Unsettled Christianity

Gloria Dei homo vivens – St Irenaeus
December 12th, 2015 by Joel Watts

Protestants cannot fearfully avoid theosis

theosis

Through these, he has bestowed on us the precious and very great promises, so that through them you may come to share in the divine nature (γένησθε θείας κοινωνοὶ φύσεως), after escaping from the corruption that is in the world because of evil desire. – 2 Peter 1.4, NAB-RE

I’ve got my dissertation to work on, but I really want to knock out 100 pages on a project on theosis that is bubbling in my mind.

Protestants have often avoided the doctrine of theosis for fear of “making themselves gods.” Yet, the doctrine itself speaks of the gift of grace by which God invites humanity to participate in the divine character, the character of love, sacrifice, generosity, and self-giving that is revealed in the relationship between the Father and the Son. The doctrine of theosis cannot be understood apart from the love of the Father for the Son and the love of the Son for the Father. For it is the Father, in 2 Peter, who gives to the Son glory and honor, bestowing on him these gifts in testimony of the love that he bears for this one whom he names as “my beloved son.” Believers only come to share in the divine nature by knowing and seeing the relationship of love lived out in the Trinity.1

Any actual Wesleyan, theologian or congregational member notwithstanding, will quickly see theosis as part and parcel of Wesleyan thoughts on perfection/sanctification.
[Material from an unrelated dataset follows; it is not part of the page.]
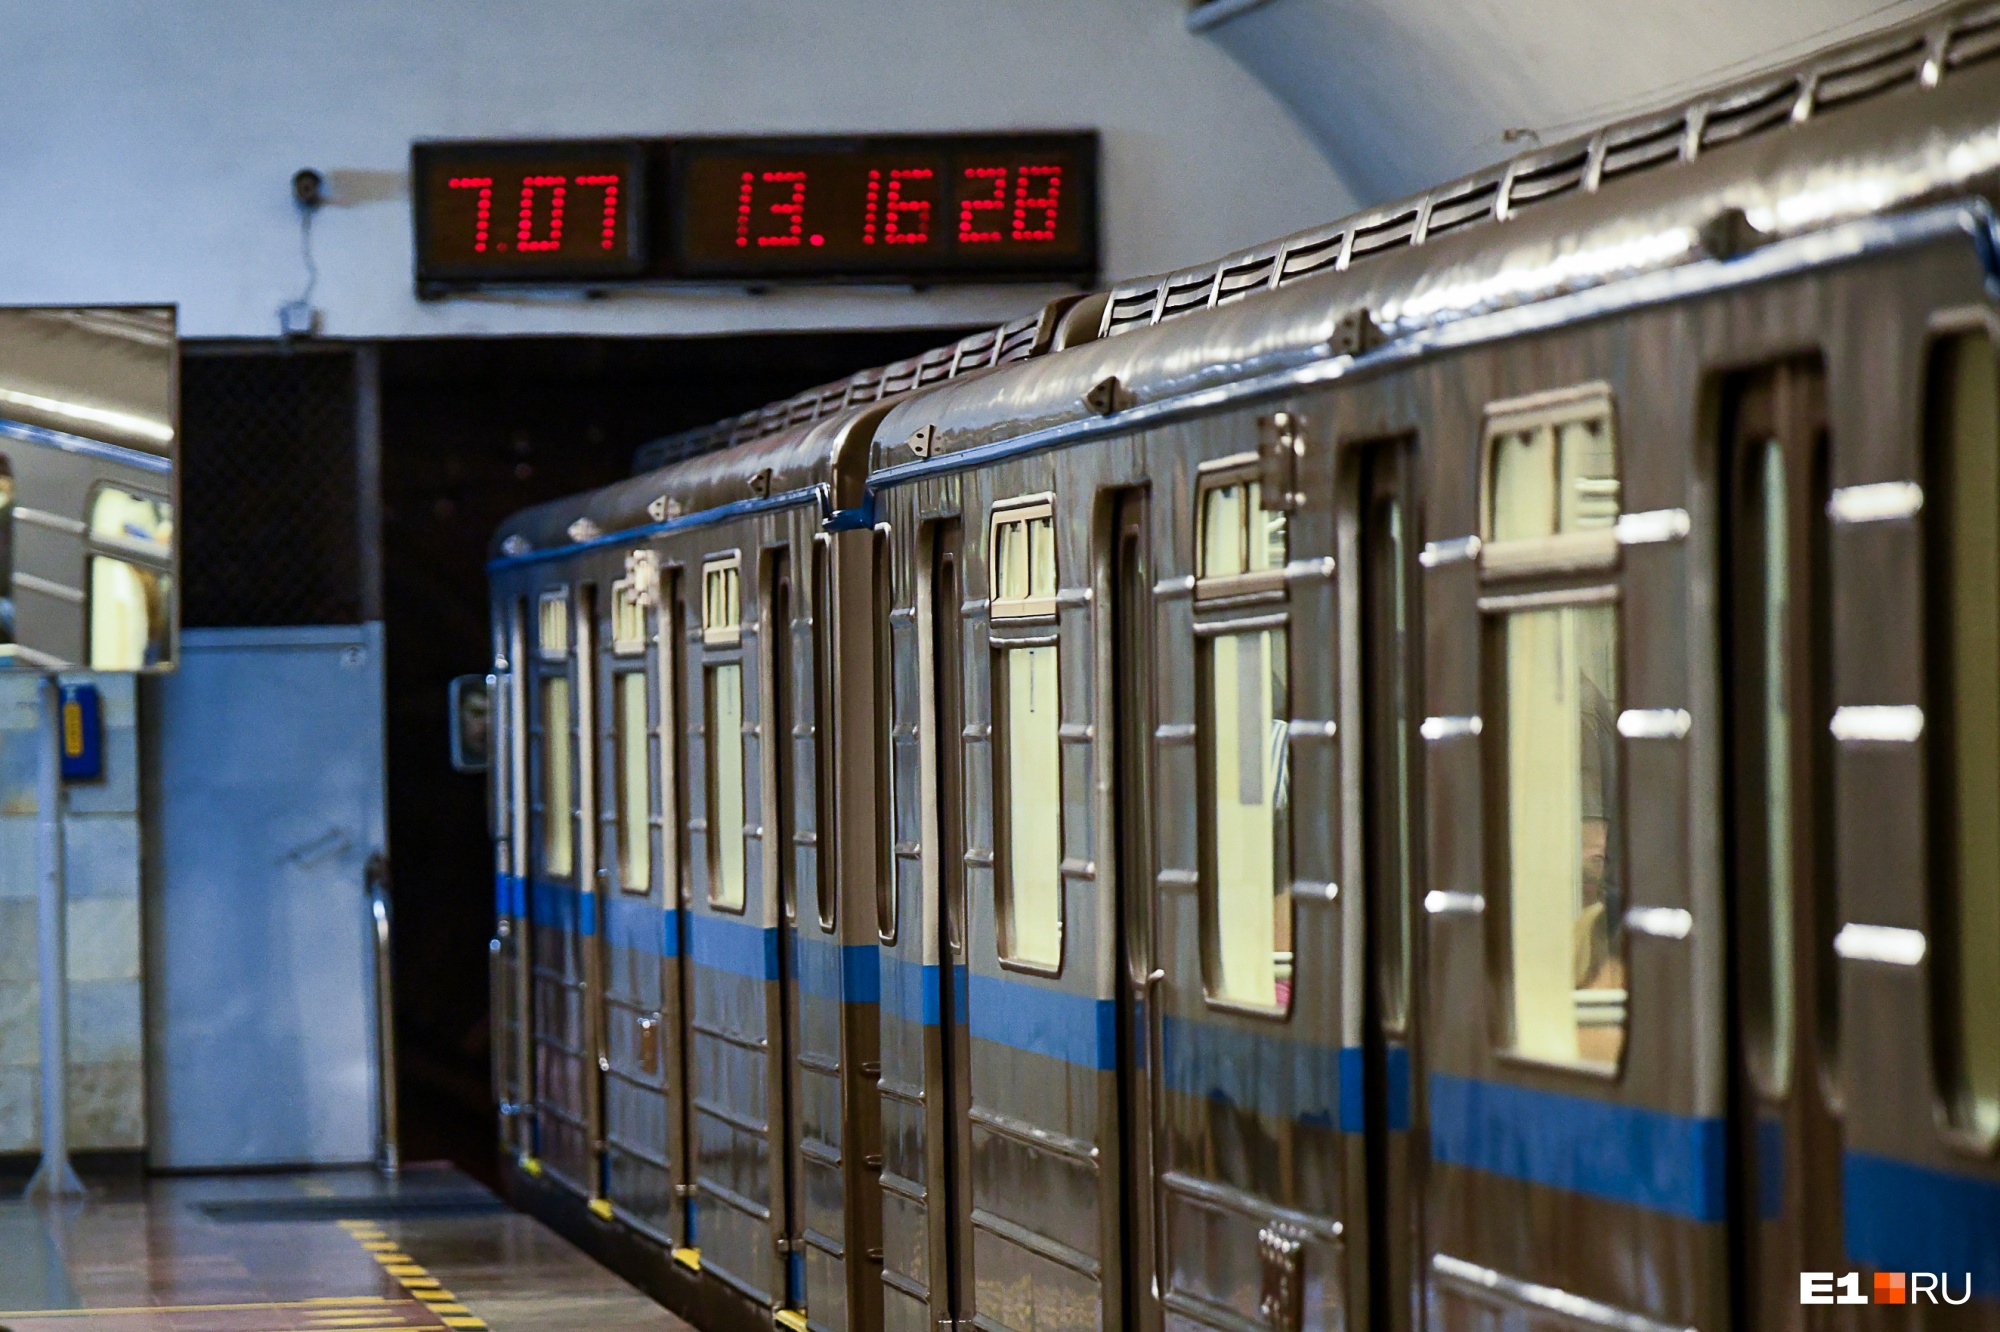 Метро Екатеринбурга купит часы за 1,5 миллиона рублей: они будут полезны всем пассажирам

For me, I believe that theosis is not only the goal of the Christian, but the explanation of theodicy/suffering. I believe that this hypothetical theology can be examined canonically, showing that from Genesis to Revelation there is the idea that God has intentioned this reality to bring His creation into the divine nature. This isn’t determinism, only a larger concept of the Pauline notion of “schoolmaster.”

  1.  Ruth Anne Reese, 2 Peter and Jude (The Two Horizons New Testament Commentary; Grand Rapids, MI; Cambridge, U.K.: William B. Eerdmans Publishing Company, 2007), 205.
Joel Watts
Watts holds a MA in Theological Studies from United Theological Seminary. He is currently a Ph.D. student at the University of the Free State, analyzing Paul’s model of atonement in Galatians, as well as seeking an MA in Clinical Mental Health at Adams State University. He is the author of Mimetic Criticism of the Gospel of Mark: Introduction and Commentary (Wipf and Stock, 2013), a co-editor and contributor to From Fear to Faith: Stories of Hitting Spiritual Walls (Energion, 2013), and Praying in God's Theater, Meditations on the Book of Revelation (Wipf and Stock, 2014).

Comments

6 Responses to “Protestants cannot fearfully avoid theosis”
  1. I wonder if the influence of Augustine has been a stumbling block here; if you language is legal and forensic rather than healing, I think it is more difficult to go full-bore on divinization. It’s no accident that Wesley is always careful to say “perfection in love,” which is a more cautious take than Patristic and Eastern sources on theosis.

    Nevertheless, we need to recover the full vision of holiness that theosis promises.

  2. Have you read Andrew Perriman’s comments on theosis?

  3. The manifestation of the Spirit is given to all. I’m convinced that within Wesley’s views on the witness of the Spirit and Christian perfection there is a resonance with theosis. I’d also add that his views on Pentecost and the role of the Methodist revival in the Spirit’s renewal of the earth there are additional echoes of this.

  4. What does ‘sharing in the divine nature’ actually mean though? Joining the ‘homoousios’?